(LISTED ENTRIES Opens)

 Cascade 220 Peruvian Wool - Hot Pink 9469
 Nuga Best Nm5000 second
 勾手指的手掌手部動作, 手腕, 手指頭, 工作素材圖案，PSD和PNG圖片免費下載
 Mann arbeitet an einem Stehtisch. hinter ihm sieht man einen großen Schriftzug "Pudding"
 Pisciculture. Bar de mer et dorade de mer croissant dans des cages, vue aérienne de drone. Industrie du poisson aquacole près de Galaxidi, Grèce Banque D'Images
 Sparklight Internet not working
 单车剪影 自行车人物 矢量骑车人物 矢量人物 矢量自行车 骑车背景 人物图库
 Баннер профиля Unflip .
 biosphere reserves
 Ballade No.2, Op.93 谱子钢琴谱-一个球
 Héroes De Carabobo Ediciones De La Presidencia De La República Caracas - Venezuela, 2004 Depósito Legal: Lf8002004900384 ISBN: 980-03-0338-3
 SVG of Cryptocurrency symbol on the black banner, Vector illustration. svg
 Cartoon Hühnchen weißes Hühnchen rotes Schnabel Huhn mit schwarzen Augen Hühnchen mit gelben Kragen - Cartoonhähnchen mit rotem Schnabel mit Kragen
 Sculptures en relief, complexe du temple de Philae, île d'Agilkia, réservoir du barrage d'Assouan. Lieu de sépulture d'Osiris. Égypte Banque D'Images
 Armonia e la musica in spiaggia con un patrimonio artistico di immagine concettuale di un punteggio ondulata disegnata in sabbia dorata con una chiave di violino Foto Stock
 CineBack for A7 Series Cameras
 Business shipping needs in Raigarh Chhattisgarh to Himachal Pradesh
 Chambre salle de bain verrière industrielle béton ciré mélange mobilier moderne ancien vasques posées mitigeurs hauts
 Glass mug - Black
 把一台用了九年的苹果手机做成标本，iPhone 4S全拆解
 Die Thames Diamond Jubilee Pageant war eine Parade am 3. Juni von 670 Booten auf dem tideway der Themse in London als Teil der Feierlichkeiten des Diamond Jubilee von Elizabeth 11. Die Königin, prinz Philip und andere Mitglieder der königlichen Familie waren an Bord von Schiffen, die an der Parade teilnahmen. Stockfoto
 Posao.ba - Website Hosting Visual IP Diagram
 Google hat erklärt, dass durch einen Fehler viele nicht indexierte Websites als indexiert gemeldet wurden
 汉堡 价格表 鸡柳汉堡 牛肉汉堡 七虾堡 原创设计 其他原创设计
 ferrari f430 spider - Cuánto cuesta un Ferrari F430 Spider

(LISTED ENTRIES Closes)

YOUR OBJECTIVE:
The reply should consist solely of the lines above from the one that has "Ballade No.2, Op.93 谱子钢琴谱-一个球" through the one that has "Cartoon Hühnchen weißes", reproduced exactly.

EXERCISE RESULT:
 Ballade No.2, Op.93 谱子钢琴谱-一个球
 Héroes De Carabobo Ediciones De La Presidencia De La República Caracas - Venezuela, 2004 Depósito Legal: Lf8002004900384 ISBN: 980-03-0338-3
 SVG of Cryptocurrency symbol on the black banner, Vector illustration. svg
 Cartoon Hühnchen weißes Hühnchen rotes Schnabel Huhn mit schwarzen Augen Hühnchen mit gelben Kragen - Cartoonhähnchen mit rotem Schnabel mit Kragen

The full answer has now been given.